# Homework 3

You need to edit this `.ipynb` file by replacing "# Your code", "# Your answer", etc., click "Restart & Run All" in Jupyter Notebook to generate your results, and download it as an `.html` file. Please submit your `.ipynb` and `.html` files (instead of a `.zip` file) on Moodle. If you have questions regarding the homework, please email the TA Saumil Shah (sashah8@ncsu.edu), or attend our office hours.

In this homework, we will implement [Tao's vanilla model](https://doi.org/10.1109/PES.2011.6038881) using `sklearn`, for which you need to explicitly create the $284$ predictor variables.

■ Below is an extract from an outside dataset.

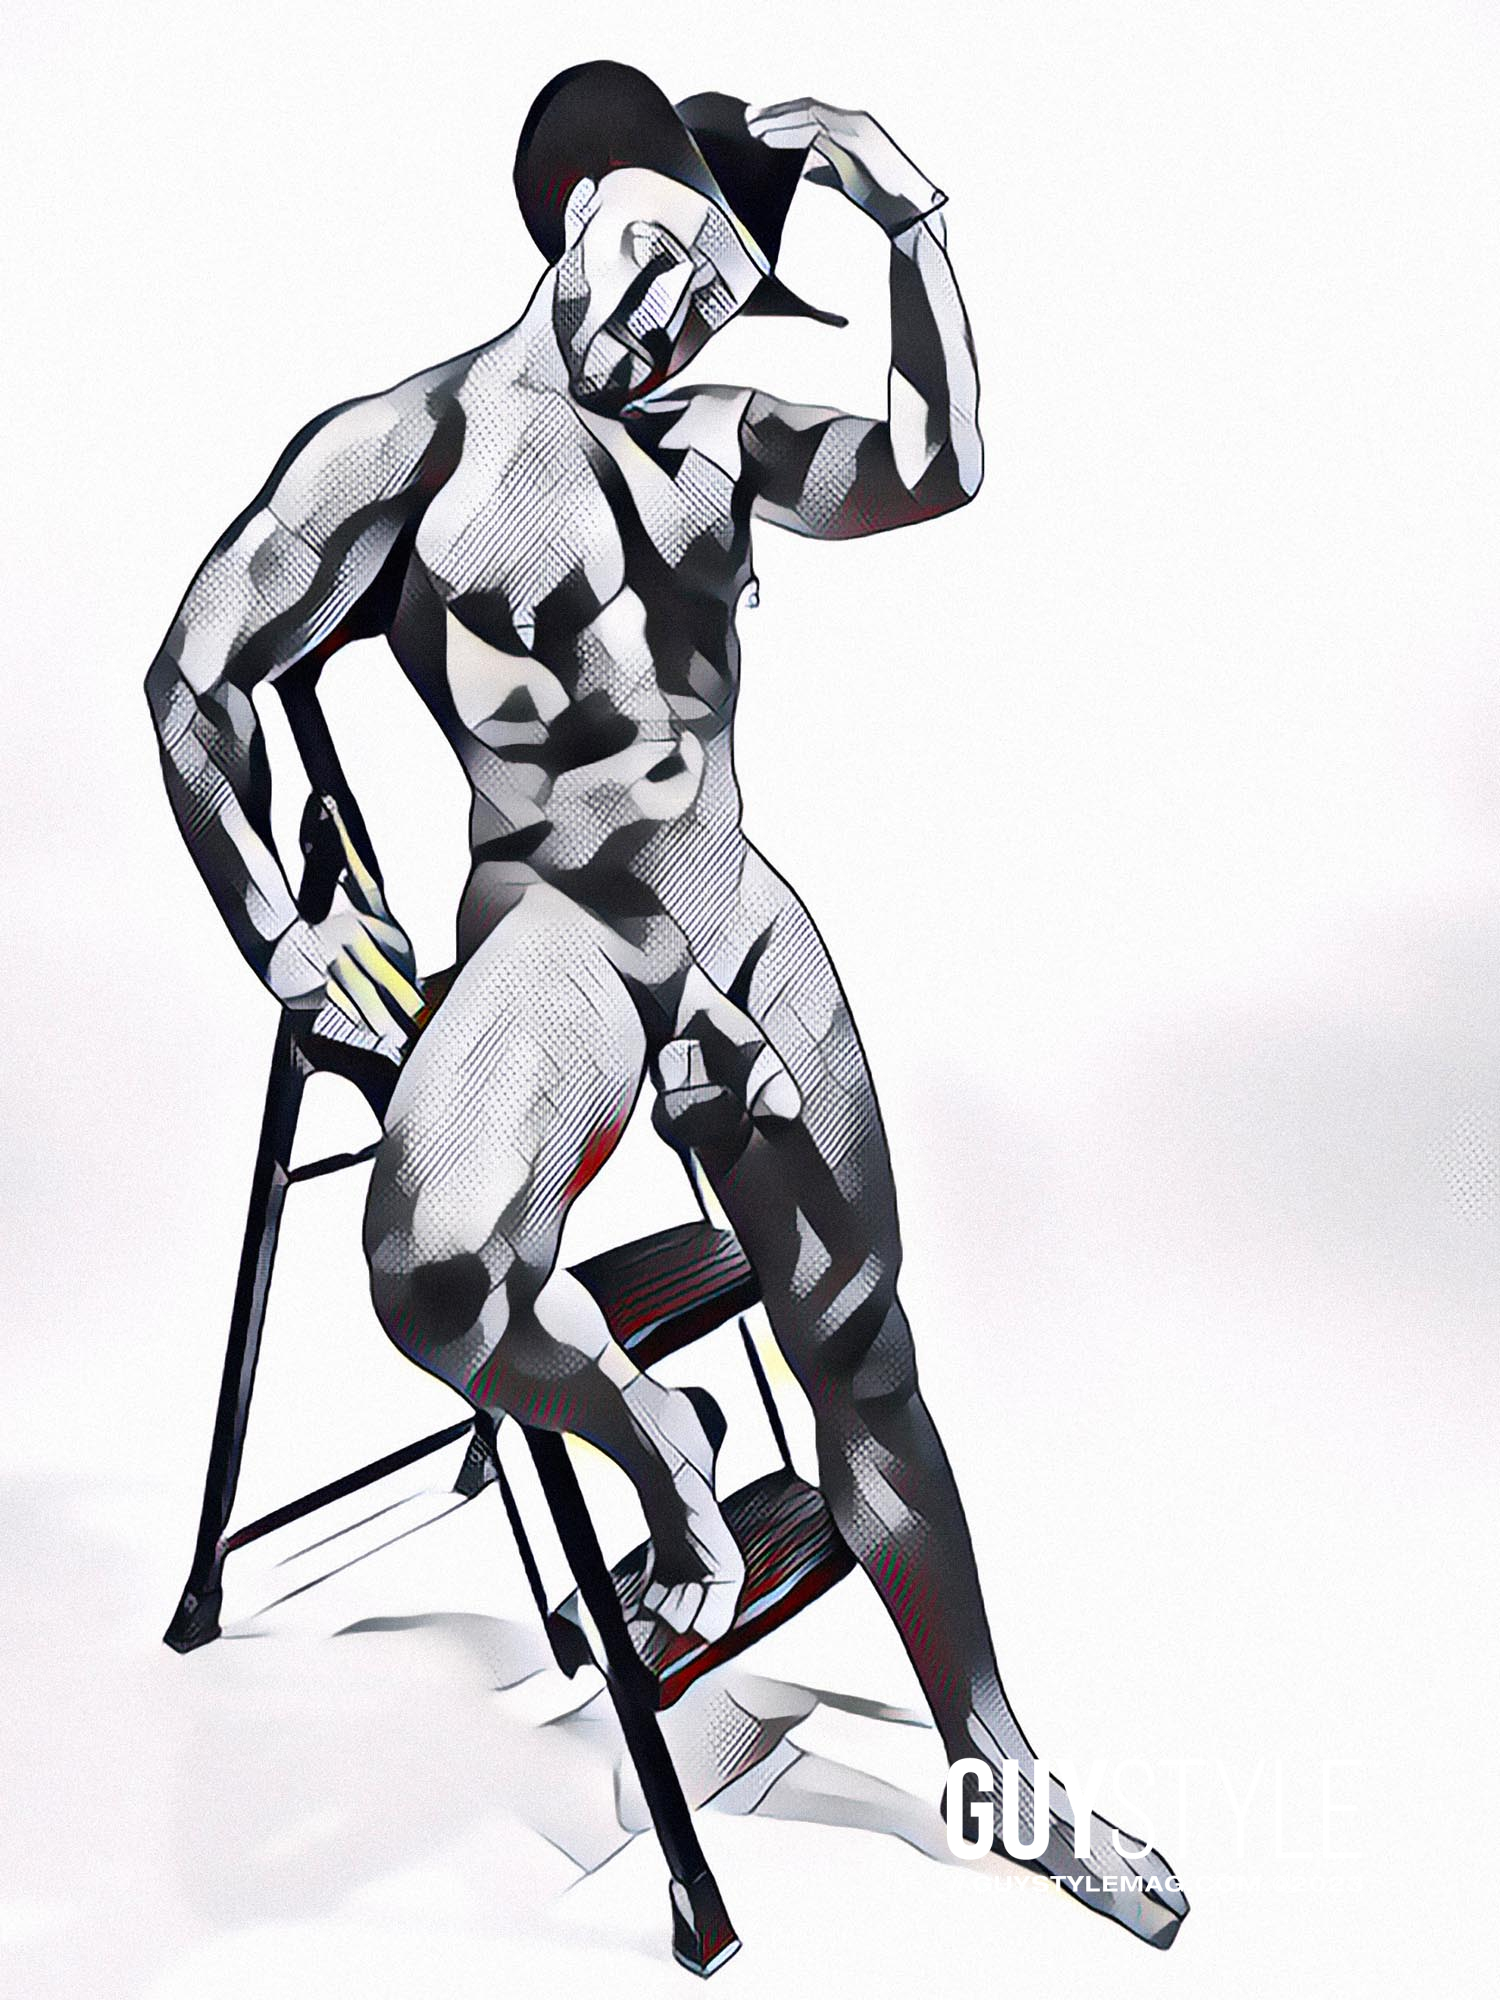 Gay Art for Sale: The Evolution of Homoerotic Art in NYC and the Inspiring Journey of Maxwell Alexander - Best Gay Art – Famous Gay Art – Homoerotic Art – Phallic Art

Your results should be the same as in the lecture notes (where `statsmodels` is used).

First, we create a function to calculate the MAPE, and import the data:

In [1]:
import numpy as np
import pandas as pd
from sklearn.linear_model import LinearRegression
def mape(a, f):
    return np.mean(np.abs((a - f) / a))
df = pd.read_csv('/content/bse_clean.csv', parse_dates=['Date'])
df['Trend'] = df.index
df['Day'] = df['Date'].dt.dayofweek
df

Unnamed: 0,Date,Hour,Load,T,Month,Trend,Day
0,2003-03-01,1,12863.0,23,3,0,5
1,2003-03-01,2,12389.0,22,3,1,5
2,2003-03-01,3,12155.0,21,3,2,5
3,2003-03-01,4,12072.0,21,3,3,5
4,2003-03-01,5,12160.0,22,3,4,5
...,...,...,...,...,...,...,...
51187,2008-12-31,20,18297.0,15,12,51187,2
51188,2008-12-31,21,17571.0,13,12,51188,2
51189,2008-12-31,22,16813.0,10,12,51189,2
51190,2008-12-31,23,15996.0,9,12,51190,2


Your task is to create the `X` matrix, with $284$ columns and $51192$ rows. The $284$ columns (excluding the `Intercept` column, which you don't need to create) should exactly match the coefficients shown below the `results.summary()` in the lecture notes (but the order and the column names can vary).

In [2]:
# Your code

In [3]:
import warnings
warnings.filterwarnings("ignore", category=pd.errors.PerformanceWarning)

In [4]:
from sklearn.preprocessing import OneHotEncoder

encoder = OneHotEncoder(drop='first', sparse_output=False)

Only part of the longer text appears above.